Set the data below down again, exactly, with every picture left out.

• [Dataset excerpt]:
|---|

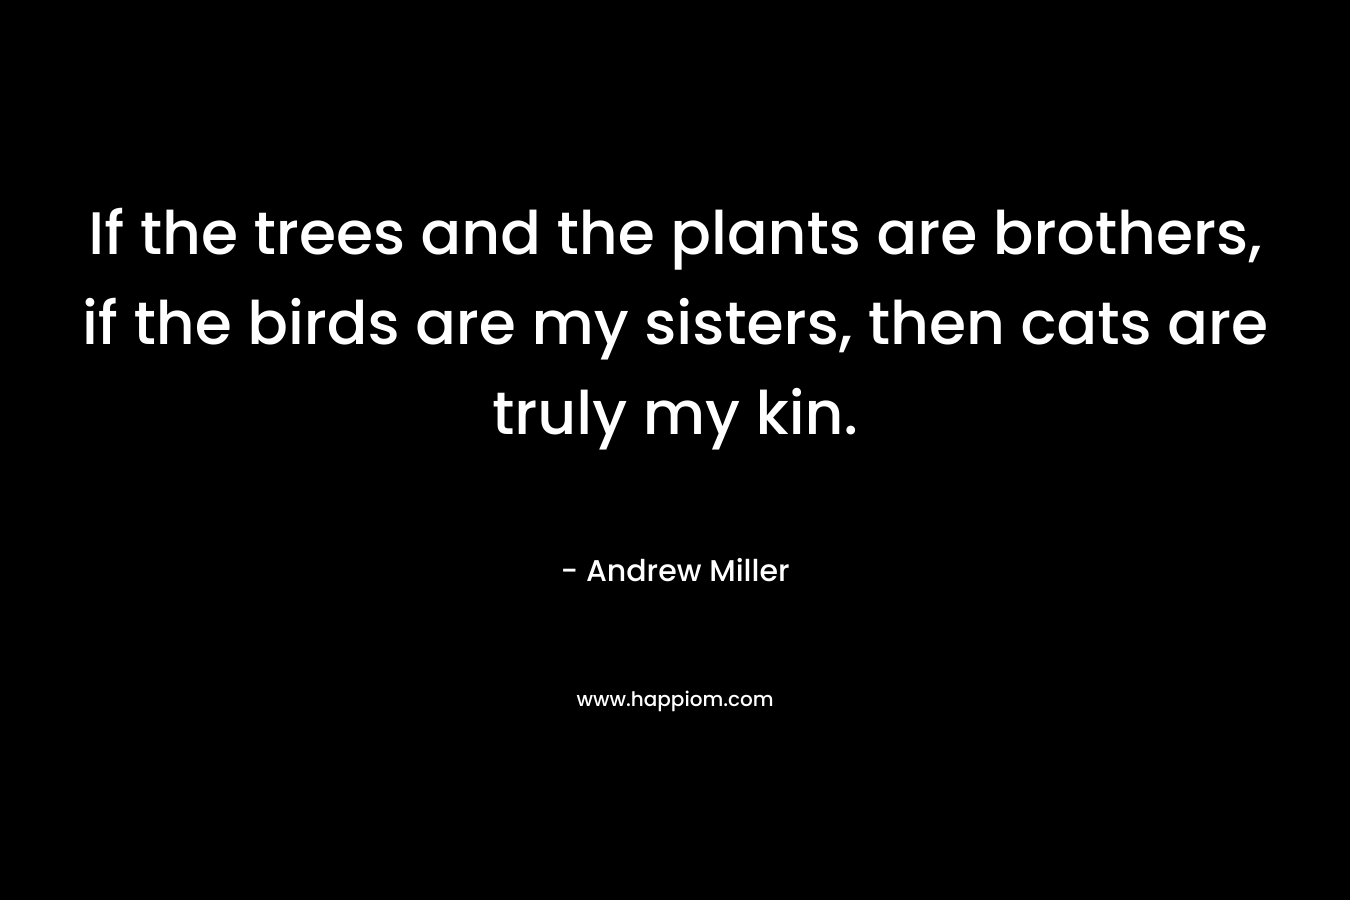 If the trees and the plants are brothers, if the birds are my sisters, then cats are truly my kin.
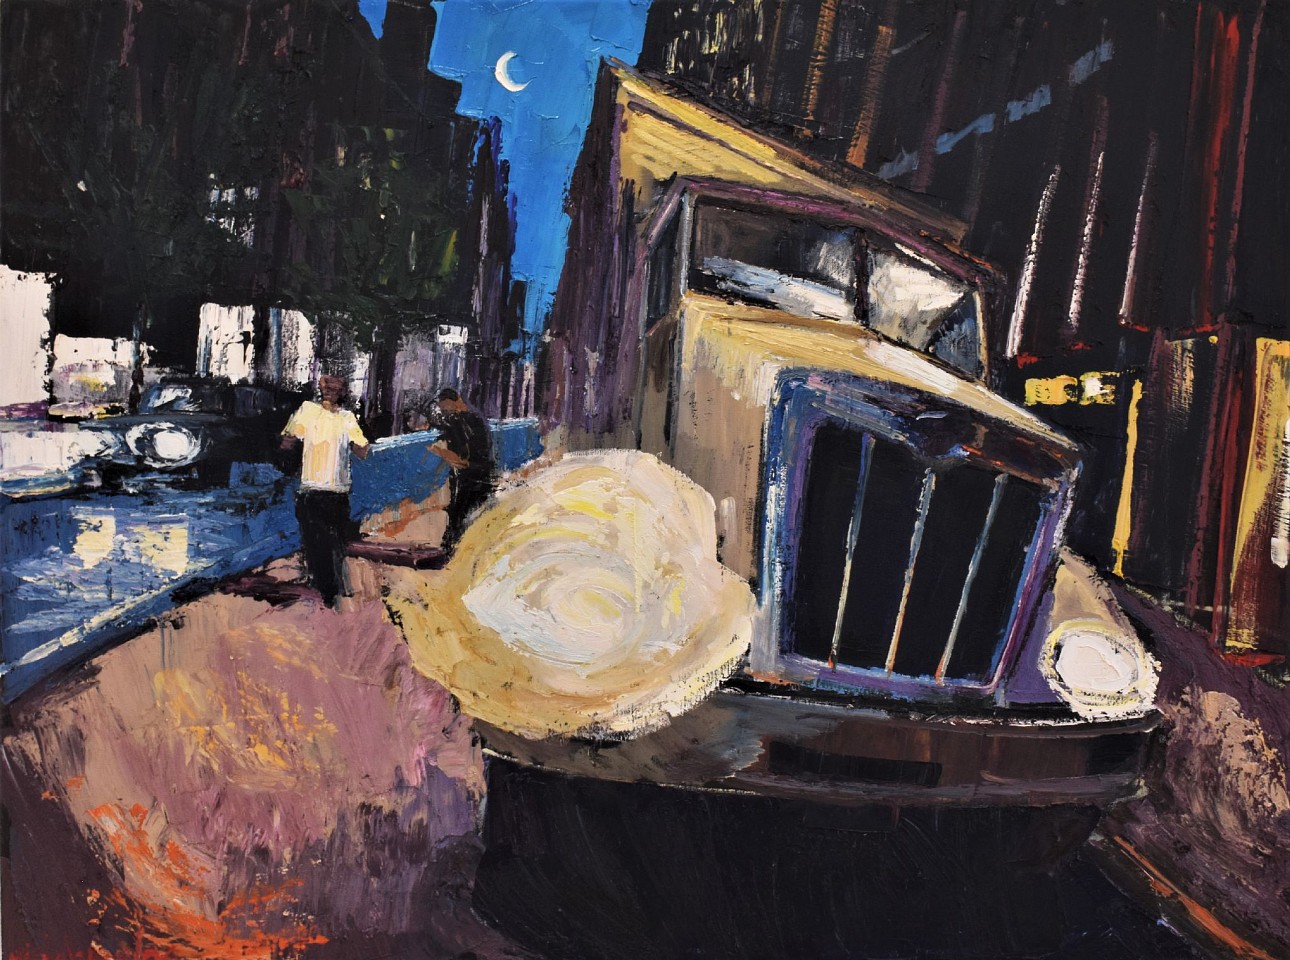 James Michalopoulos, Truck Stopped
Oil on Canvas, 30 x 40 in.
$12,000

|---|

• [Response to the exercise]:
 If the trees and the plants are brothers, if the birds are my sisters, then cats are truly my kin.
 James Michalopoulos, Truck Stopped
Oil on Canvas, 30 x 40 in.
$12,000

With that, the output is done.